Miradouro de Santa Catarina Actualmente a freguesia de Santa Catarina é como se fosse um pequeno país, com uma área montanhosa ainda dentro do núcleo "mais" Bairro Alto, que se vai espraiando, em declive para sul, para o Tejo, e para poente, na direcção de S. Bento, cortada por um eixo, a Calçada do Combro, suposta via principal no início da ocupação urbana e onde se situa a maior densidade de edifícios apalaçados, de grande porte e beleza arquitectónica.
A esta geografia orográfica, corresponde também outra geografia humana, social e também urbanística. Enquanto na zona norte a vida fervilha, com as pequenas lojas porta sim porta não, com as oficinas artesanais, tipografias de longa tradição ramificações dos jornais implantados, tascas de comer e conviver, com a população modesta mas laboriosa, nas zonas em declive voltadas ao Tejo o movimento diminui, e as habitações são de maior porte para usufruirem a vista do Tejo, com o Miradouro de Santa Catarina como remate. É toda ela uma freguesia em mutação, polo de novas actividades, que vão descaracterizando porque não se inserem na sua tradição, gerando conflitos de relacionamento entre habitantes e fruidores do meio popular. Que o bom senso compatibilize e estabilize e, portanto, harmonize a relação, no bom sentido cultural, com novas formas de estar e viver numa sociedade equilibrada.

 

III Centenário do Nascimento do Marquês de Pombal

Para azar de uns e sorte de outros, a 13 de Maio de 1699 nasceu Sebastião José de Carvalho e Melo, que a história consagrou sob o título de Marquês de Pombal. O acontecimento deu-se nas casas familiares na então Rua Formosa, hoje do Século, na freguesia das Mercês, em cuja igreja, agora transformada em esquadra de polícia, foi baptizado em simples cerimónia familiar. Lá estaria o avô homónimo, velho morgado da Rua Formosa, o pai, Manuel de Carvalho e Ataíde, capitão de cavalos e delirante genealogista, a mãe, D. Teresa de Mendonça, filha do Almada, morgado dos Olivais, e, sobretudo, seu tio, Paulo de Carvalho e Ataíde, arcipreste da patriarcal e figura política influente, que muito terá contribuído para a carreira lenta mas segura do jovem que rapidamente deu de si sinais promissores.
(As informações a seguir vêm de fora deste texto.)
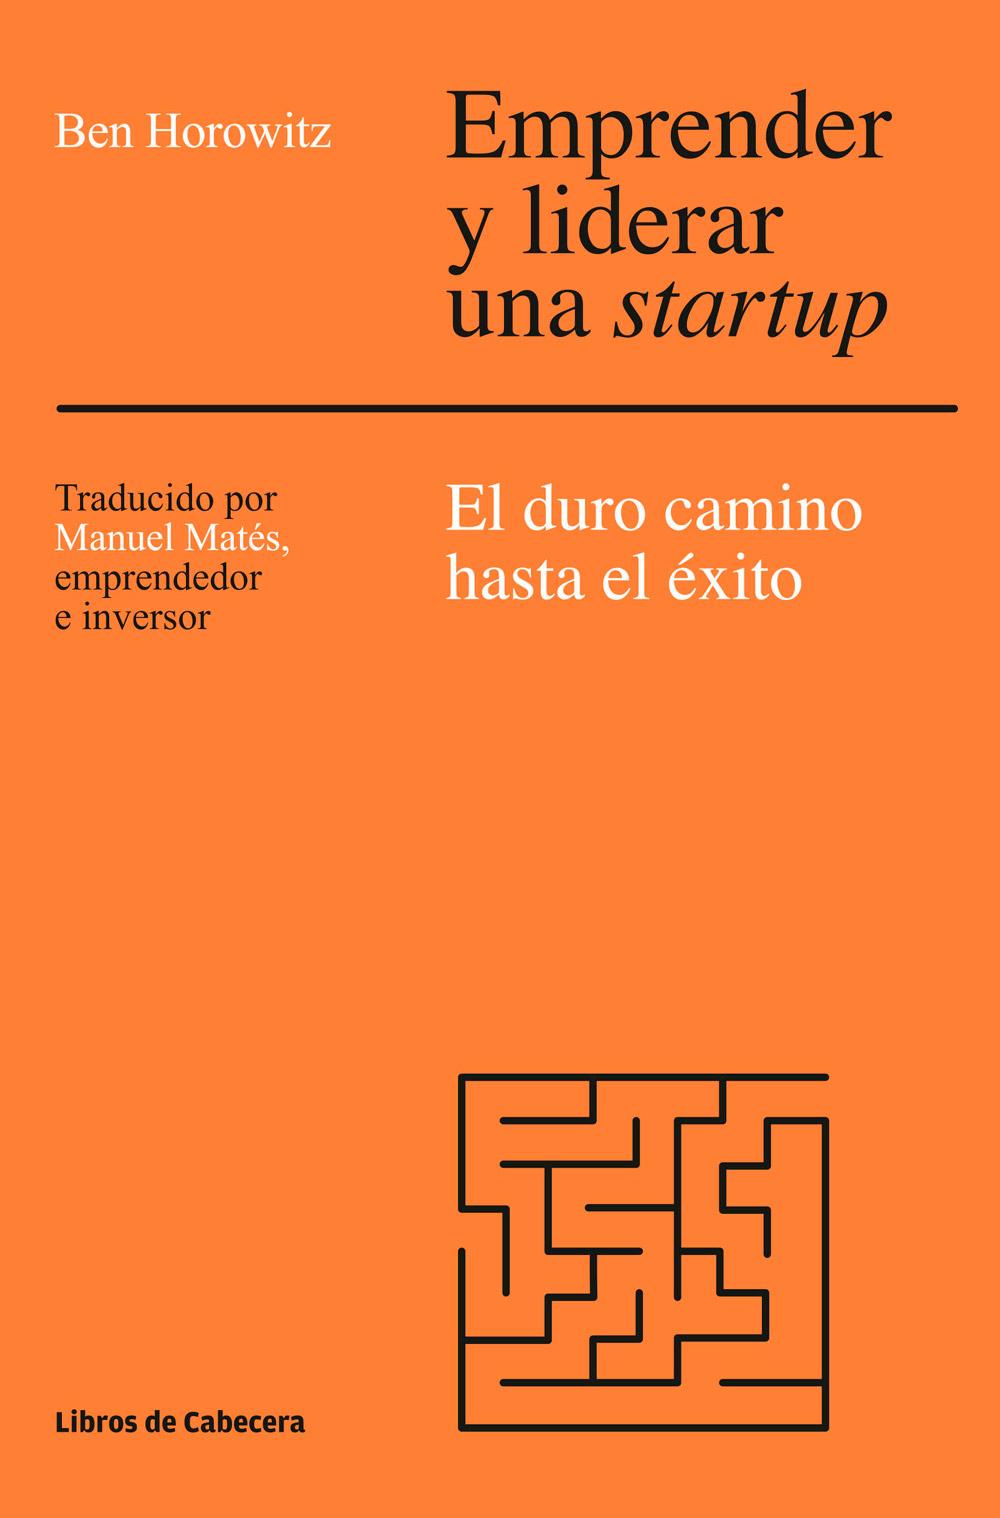 emprendery liderar una startup

Pouco se sabe da sua juventude, envolta na lenda de um rapaz corpulento e azougado, o Carvalhão de alcunha, que não hesitou em raptar uma jovem viúva aristocrata para mostrar, desde logo, que não o assustavam nem a rigidez da sólida arrumação social vigente, nem a prossecução dos gestos necessários para levar a bom termo as ideias que se lhe metiam na cabeça. Decerto, desses anos lhe ficou um conhecimento seguro da sua cidade e talvez a consciência de que muito haveria nela para mudar.

Com os horizontes polidos pelas estadias londrina e vienense, Sebastião José regressa a Lisboa para ascender ao poder em 1750, na idade já madura de um cinquentão que temperara a ousadia juvenil com o cálculo bem medido de quem sabe coser as linhas para atingir o que quer. Bafejado pela natureza, soube utilizar a tragédia do terramoto de 1755 como alavanca de um poder que permitiu reformular estruturas mentais, pela transformação radical do cenário urbano em que elas se passariam a movimentar. A nova cidade, arrumada e esclarecida, que pôs de pé, criando as condições para que uma brilhante escola de engenheiros desse a medida de si mesma, é um marco revolucionário na concepção do espaço urbano lisboeta, que ainda hoje nos condiciona dia-a-dia os movimentos e nos define os parâmetros da própria ideia de cidade. Se outras realizações não se lhe devessem, bastaria esta revolução citadina para que Lisboa saúde esse primeiro choro de há exactamente trezentos anos, início de uma caminhada difícil e contraditória que ainda se repercute nas paredes consistentes que em boa hora o seu sonho ergueu.

José Sarmento, Agenda Cultural de Lisboa - CML (Maio de 1999).